Problem details — The lines to extract run from the first line of the entries through the line that contains "Movies Animated Movies"; reproduce exactly those lines and no others.

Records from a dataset
======

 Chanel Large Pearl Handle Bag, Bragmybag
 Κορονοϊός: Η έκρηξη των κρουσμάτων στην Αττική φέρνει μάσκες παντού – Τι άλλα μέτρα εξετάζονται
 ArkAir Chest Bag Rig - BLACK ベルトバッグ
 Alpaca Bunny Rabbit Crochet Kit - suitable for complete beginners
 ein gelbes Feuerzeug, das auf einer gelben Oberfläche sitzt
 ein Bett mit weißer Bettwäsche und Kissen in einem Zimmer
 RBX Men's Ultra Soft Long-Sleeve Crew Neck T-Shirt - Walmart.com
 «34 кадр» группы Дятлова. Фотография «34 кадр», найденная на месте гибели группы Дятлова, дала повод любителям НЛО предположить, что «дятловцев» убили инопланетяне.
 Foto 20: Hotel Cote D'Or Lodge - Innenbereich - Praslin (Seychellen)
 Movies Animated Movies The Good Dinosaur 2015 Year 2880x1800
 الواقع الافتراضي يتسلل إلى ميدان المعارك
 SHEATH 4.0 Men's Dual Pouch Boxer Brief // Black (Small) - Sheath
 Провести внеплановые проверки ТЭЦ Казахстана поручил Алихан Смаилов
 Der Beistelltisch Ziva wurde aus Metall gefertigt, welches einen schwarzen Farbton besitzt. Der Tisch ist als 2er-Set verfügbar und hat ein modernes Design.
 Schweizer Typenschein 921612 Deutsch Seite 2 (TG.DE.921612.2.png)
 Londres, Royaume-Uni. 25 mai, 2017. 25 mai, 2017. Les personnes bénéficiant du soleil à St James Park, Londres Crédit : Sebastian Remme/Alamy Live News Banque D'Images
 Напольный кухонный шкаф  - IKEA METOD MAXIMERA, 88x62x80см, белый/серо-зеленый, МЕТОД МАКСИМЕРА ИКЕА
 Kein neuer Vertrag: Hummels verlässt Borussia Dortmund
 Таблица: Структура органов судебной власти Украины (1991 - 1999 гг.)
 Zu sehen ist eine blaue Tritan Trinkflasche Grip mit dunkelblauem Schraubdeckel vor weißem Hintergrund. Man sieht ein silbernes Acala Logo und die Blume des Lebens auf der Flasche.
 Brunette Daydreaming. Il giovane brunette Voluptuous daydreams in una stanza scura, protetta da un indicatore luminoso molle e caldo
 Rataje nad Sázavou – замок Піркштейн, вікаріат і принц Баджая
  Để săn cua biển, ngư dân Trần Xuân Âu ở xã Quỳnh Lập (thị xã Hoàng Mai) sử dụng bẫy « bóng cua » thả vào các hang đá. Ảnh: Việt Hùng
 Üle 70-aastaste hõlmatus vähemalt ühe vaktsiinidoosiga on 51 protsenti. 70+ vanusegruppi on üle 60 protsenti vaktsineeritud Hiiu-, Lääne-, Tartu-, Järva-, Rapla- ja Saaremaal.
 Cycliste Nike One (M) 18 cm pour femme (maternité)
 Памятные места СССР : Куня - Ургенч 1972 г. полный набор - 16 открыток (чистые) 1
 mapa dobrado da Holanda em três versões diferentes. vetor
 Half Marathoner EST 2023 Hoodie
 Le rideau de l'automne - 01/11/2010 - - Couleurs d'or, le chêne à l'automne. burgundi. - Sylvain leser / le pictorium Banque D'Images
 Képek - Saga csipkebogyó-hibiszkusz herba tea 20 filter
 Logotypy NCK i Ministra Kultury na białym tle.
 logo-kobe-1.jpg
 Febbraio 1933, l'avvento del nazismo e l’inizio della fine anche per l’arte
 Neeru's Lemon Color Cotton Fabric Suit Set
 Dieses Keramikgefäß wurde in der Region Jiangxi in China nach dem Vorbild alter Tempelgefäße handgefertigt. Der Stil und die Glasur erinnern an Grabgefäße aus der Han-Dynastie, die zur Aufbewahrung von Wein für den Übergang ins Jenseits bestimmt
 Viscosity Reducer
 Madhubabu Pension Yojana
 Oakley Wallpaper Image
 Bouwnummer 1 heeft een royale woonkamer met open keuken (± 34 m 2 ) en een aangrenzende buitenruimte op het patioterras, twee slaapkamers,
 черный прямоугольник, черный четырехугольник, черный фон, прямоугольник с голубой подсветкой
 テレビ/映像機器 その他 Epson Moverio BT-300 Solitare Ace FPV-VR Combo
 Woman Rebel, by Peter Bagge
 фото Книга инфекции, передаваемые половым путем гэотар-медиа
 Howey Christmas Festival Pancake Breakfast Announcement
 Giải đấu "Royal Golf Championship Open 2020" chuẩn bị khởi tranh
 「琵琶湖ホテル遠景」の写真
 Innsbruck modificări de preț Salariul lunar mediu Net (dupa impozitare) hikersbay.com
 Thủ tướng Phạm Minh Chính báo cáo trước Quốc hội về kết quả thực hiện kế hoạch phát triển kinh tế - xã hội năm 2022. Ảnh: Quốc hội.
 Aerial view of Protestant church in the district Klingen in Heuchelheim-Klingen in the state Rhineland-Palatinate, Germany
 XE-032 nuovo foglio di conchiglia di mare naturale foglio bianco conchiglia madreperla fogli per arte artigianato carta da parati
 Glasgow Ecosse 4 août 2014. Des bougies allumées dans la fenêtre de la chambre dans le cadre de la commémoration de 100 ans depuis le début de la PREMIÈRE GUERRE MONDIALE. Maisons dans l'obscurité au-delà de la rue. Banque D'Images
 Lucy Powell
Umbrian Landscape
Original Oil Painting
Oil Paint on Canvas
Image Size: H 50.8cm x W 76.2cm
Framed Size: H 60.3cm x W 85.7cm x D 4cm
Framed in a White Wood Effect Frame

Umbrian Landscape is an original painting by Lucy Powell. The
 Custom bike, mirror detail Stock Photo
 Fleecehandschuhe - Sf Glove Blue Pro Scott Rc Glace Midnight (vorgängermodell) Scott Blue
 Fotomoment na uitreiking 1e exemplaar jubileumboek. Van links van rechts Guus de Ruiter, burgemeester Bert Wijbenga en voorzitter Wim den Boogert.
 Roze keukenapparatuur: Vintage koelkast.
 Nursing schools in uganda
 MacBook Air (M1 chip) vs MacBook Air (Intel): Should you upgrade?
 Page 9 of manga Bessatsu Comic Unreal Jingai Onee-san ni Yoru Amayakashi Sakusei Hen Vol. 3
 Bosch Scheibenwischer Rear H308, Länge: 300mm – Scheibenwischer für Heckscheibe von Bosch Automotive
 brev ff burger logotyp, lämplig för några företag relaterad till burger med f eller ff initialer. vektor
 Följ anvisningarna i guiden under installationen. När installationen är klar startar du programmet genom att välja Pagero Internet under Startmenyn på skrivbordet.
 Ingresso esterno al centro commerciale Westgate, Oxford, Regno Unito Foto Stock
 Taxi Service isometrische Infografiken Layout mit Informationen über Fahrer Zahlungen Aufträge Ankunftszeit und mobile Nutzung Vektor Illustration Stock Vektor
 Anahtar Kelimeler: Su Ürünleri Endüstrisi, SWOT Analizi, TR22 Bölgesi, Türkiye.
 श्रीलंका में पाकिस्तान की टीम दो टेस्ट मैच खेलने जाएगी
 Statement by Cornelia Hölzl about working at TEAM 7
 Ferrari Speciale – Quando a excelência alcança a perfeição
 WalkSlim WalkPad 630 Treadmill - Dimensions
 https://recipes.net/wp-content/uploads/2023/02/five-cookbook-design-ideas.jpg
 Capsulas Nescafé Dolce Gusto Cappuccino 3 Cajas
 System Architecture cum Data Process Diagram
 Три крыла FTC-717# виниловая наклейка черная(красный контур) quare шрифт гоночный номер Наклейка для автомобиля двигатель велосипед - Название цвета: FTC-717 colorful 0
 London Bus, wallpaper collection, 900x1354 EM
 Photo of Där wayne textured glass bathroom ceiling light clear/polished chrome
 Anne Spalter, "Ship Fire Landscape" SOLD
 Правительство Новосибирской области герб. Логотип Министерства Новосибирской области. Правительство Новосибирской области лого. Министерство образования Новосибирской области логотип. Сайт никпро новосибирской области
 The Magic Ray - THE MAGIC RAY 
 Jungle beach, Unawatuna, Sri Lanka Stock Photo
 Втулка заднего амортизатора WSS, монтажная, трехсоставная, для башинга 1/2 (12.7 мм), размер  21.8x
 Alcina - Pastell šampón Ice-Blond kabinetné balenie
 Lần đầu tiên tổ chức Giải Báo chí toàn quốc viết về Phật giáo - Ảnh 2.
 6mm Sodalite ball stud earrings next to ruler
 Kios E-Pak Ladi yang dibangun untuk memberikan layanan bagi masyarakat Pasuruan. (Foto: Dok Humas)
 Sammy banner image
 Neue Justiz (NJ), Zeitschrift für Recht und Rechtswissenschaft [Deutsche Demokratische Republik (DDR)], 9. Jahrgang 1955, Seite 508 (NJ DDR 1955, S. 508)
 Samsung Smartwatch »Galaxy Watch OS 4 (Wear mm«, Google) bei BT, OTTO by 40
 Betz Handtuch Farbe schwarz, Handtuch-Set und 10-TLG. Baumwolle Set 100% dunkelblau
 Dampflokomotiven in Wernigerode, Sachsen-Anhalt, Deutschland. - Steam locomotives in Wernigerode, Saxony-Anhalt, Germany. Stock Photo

======

Completed task —
 Chanel Large Pearl Handle Bag, Bragmybag
 Κορονοϊός: Η έκρηξη των κρουσμάτων στην Αττική φέρνει μάσκες παντού – Τι άλλα μέτρα εξετάζονται
 ArkAir Chest Bag Rig - BLACK ベルトバッグ
 Alpaca Bunny Rabbit Crochet Kit - suitable for complete beginners
 ein gelbes Feuerzeug, das auf einer gelben Oberfläche sitzt
 ein Bett mit weißer Bettwäsche und Kissen in einem Zimmer
 RBX Men's Ultra Soft Long-Sleeve Crew Neck T-Shirt - Walmart.com
 «34 кадр» группы Дятлова. Фотография «34 кадр», найденная на месте гибели группы Дятлова, дала повод любителям НЛО предположить, что «дятловцев» убили инопланетяне.
 Foto 20: Hotel Cote D'Or Lodge - Innenbereich - Praslin (Seychellen)
 Movies Animated Movies The Good Dinosaur 2015 Year 2880x1800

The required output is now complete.